I think Bubba has had this issue before maybe he can give us a remedy.


----------



## DRAKEHAVEN (Jan 14, 2005)

You got it right, also Vaseline BEFORE you hunt. My personal dog is a mass of scars from 5 years of being a guide dog.


----------



## BJGatley (Dec 31, 2011)

Tonto said:


> The last two times we were out upland hunting my Male gets out of the field with cherry red testicles that are very raw and irritated. I assume it is due to both the temperature and the rough cover. It does not affect him during the hunt but once we get home he seems extremely painful. I have seen some males that really suck their testicles up to the body but he carries his lower which is probably part of the problem. I give him a dose of Meloxicam to help with this but I want to help prevent this and the next day is is back to normal.

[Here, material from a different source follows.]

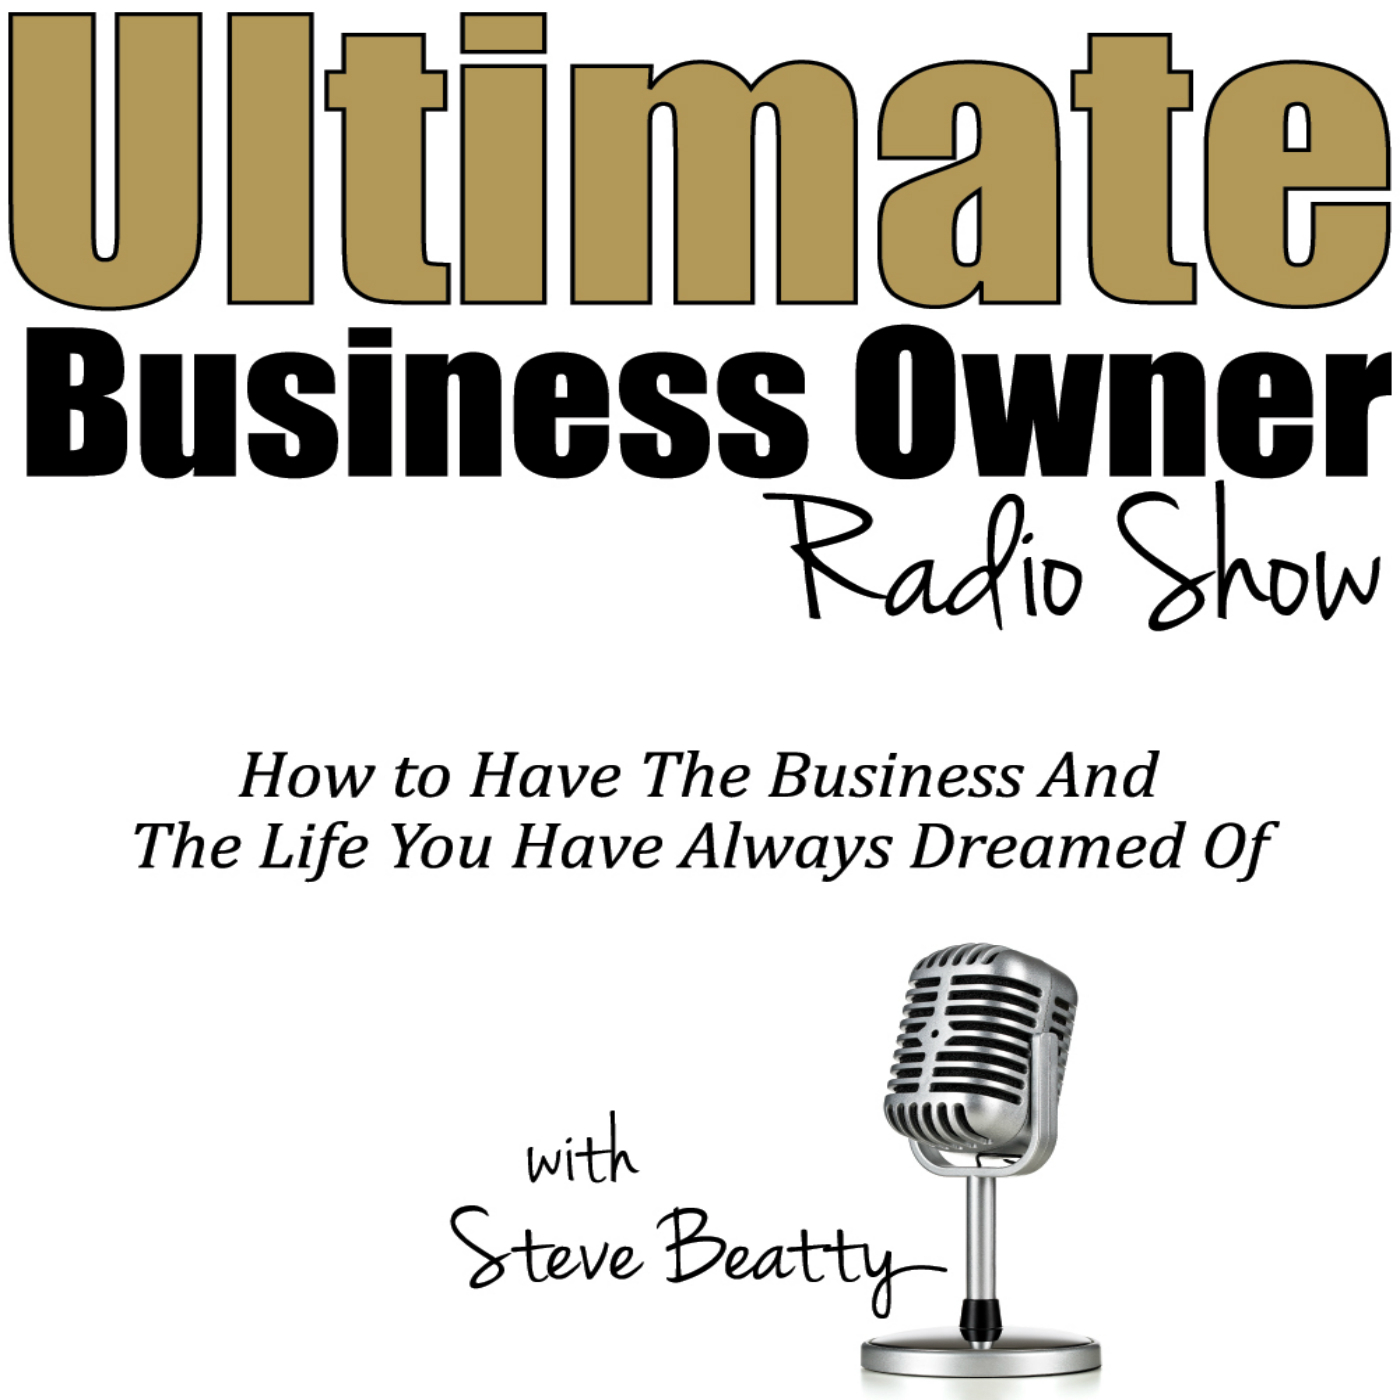 Ultimate Business Owner 20M Interview: Owners &amp; Business Management - Dan Yount

I know that the easy fix is to Neuter him but this is not an option. I am going to try* Utter Balm or Bag Balm* to see if this helps. I am sure I am not the only person with this problem, can any one offer me advice on how to help him.


Good stuff to use, but the major question is: can you keep him from licking?


----------



## Dooley (Feb 1, 2011)

Maybe if you were to run through a corn field in extreme temperatures you would know how it feels.
Obviously you don't really care about your dog.


----------



## BJGatley (Dec 31, 2011)

Dooley said:


> Maybe if you were to run through a corn field in extreme temperatures you would know how it feels.
> Obviously you don't really care about your dog.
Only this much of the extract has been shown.